Menurutnya, bahaya terbesar hari ini bukan sekadar konflik atau perubahan zaman, melainkan ketumpulan cara berpikir—ketika manusia kehilangan keberanian untuk kritis, mudah percaya pada arus, dan menelan mentah-mentah apa yang tampak di permukaan. Judul-judul berita, katanya, tidak selalu berbicara tentang kebenaran, melainkan sering kali tentang perhatian.
Karena itu, menjaga kesadaran dan kejernihan berpikir menjadi ikhtiar yang tidak bisa ditawar.
Ia kemudian mengingatkan bahwa apa pun posisi manusia dalam hidup, sejatinya hanyalah peran. Sebuah “senda gurau” kehidupan, tempat setiap orang menjalankan tugasnya masing-masing. Maka, masa depan tidak ditentukan oleh siapa yang menang atau kalah, melainkan oleh sejauh mana manusia mau berbuat baik dalam perannya.

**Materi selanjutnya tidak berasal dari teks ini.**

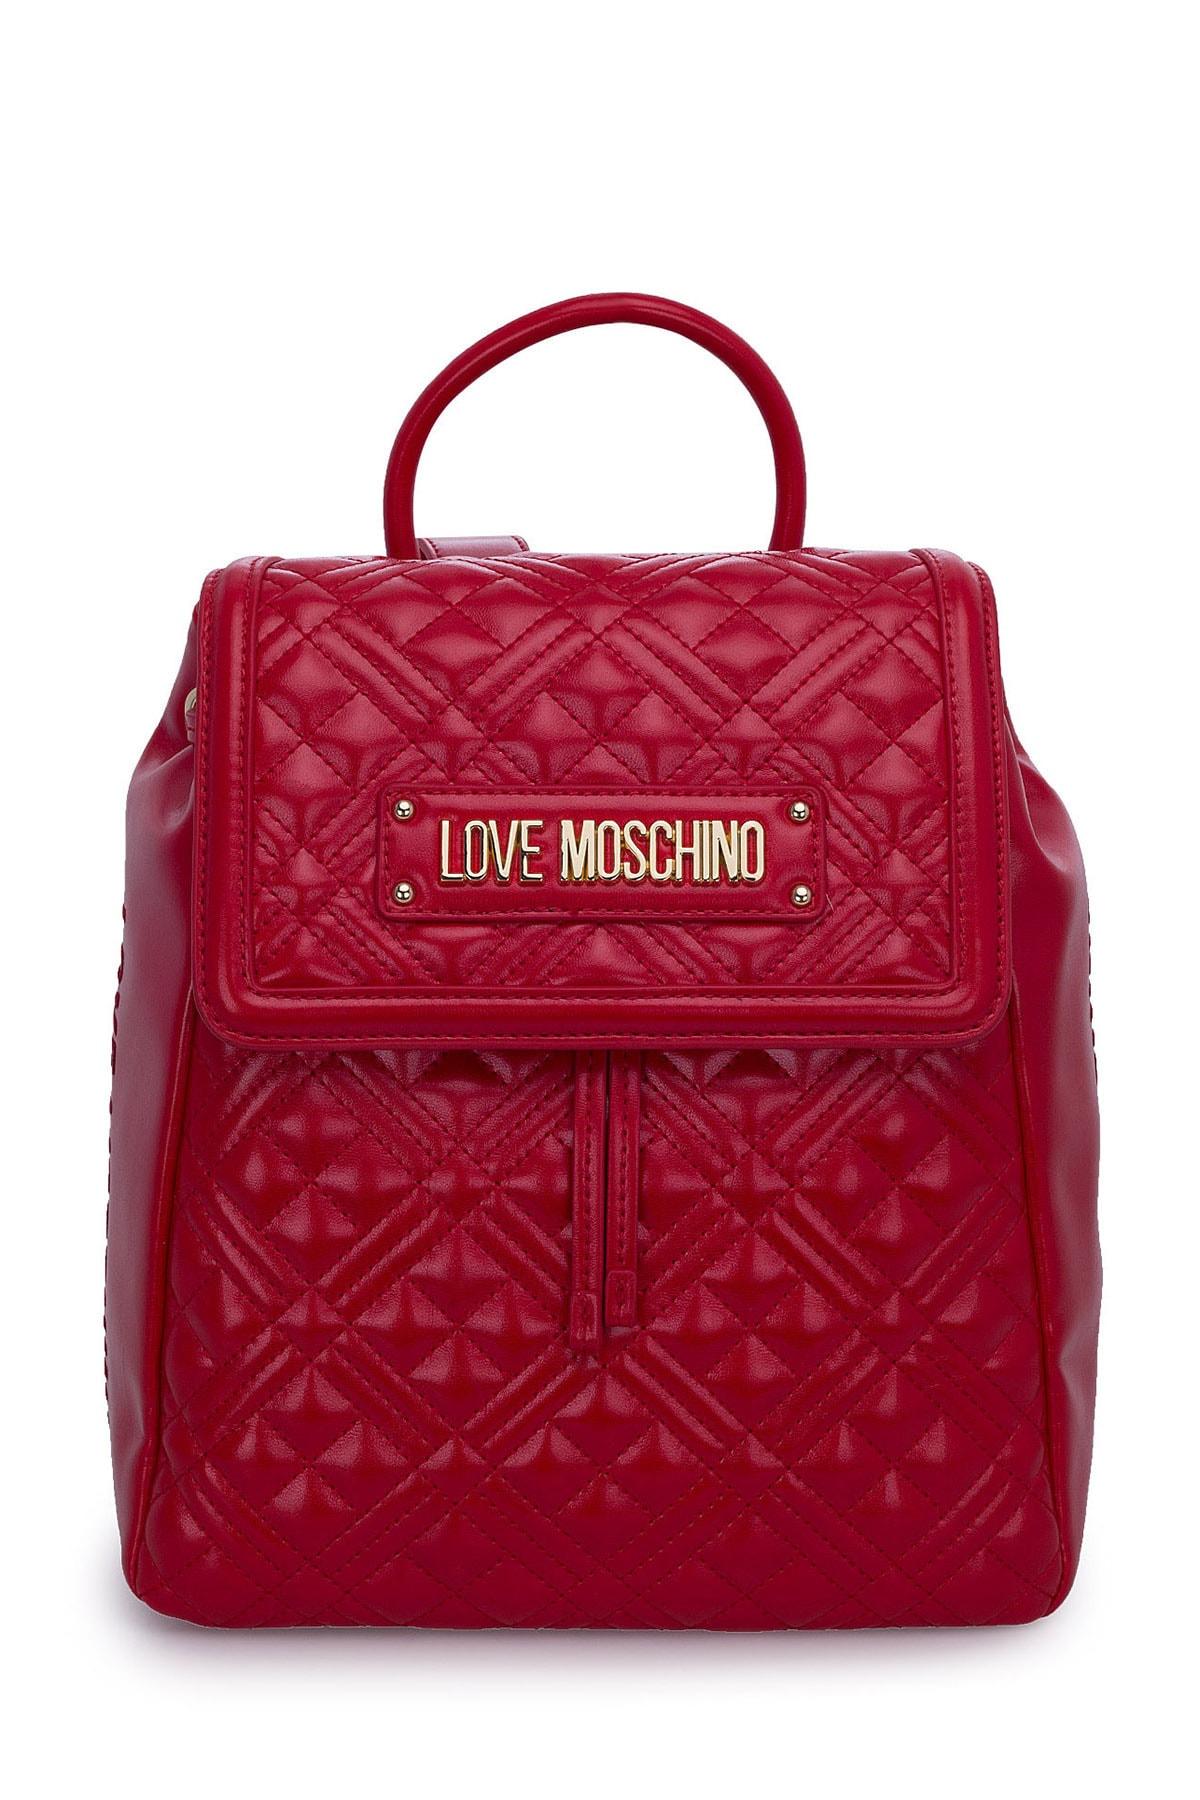 Love Moschino Kadın Kırmızı Logo Baskılı Ayarlanabilir Askılı Çanta Çanta Jc4012pp1bla0500 1

“Indonesia tidak akan menjadi baik,” kira-kira demikian nadanya, “jika pelakunya sendiri tidak mau menjadi baik.”
Gagasan seperti Balung Pisah, lanjutnya, juga tidak akan berarti apa-apa tanpa keterlibatan bersama. Ia menempatkan dirinya hanya sebagai satu titik kecil dalam keseluruhan gerak yang jauh lebih besar—sebuah peran yang tidak lebih penting dari peran siapa pun yang sama-sama diciptakan Tuhan.
Di situlah ia mengajak jamaah untuk menjalani hidup dengan keseimbangan: santai, tetapi tetap kritis. Menjadi manusia dalam makna yang utuh—ahsani taqwim—sebagaimana Tuhan menciptakan.
Ia mengingatkan, setiap manusia sejatinya adalah “pemenang” sejak awal—lahir dari perjuangan panjang, mengalahkan kemungkinan yang tak terhitung. Maka hidup ini adalah perjalanan masing-masing bersama Tuhan, menjalankan “kurikulum” yang sudah digariskan.
Tugasnya sederhana namun tidak ringan: menjalani dengan sungguh-sungguh, sekaligus memberi ruang agar generasi berikutnya bisa hidup lebih baik.
Di akhir, Mas Sabrang meninggalkan satu pertanyaan yang menggantung sekaligus menuntun: dalam segala arus zaman yang deras ini, apakah kita tetap menjadi manusia, atau justru larut menjadi bagian dari arus itu sendiri? Semoga Maiyah terus melatih kita menjadi manusia—bukan sekadar hadir, tetapi sadar dan utuh dalam menjalani hidup.
Mas Sabrang menutup dengan harapan yang sederhana namun dalam: kelak, ketika perjalanan ini sampai di ujungnya, saat setiap manusia dihadapkan pada pertanggungjawaban, kita mampu menjawab dengan mantap—bahwa hidup telah dijalani dengan menunaikan apa yang diperintahkan oleh Gusti Allah.

Dokumentasi official bangbangwetan
Malam pun ditutup dengan indal qiyam, ketika doa dan harap kembali dinaikkan—sebagai penanda bahwa seluruh percakapan, pada akhirnya, bermuara pada satu arah: keselamatan, hingga kelak sampai di hadapan-Nya.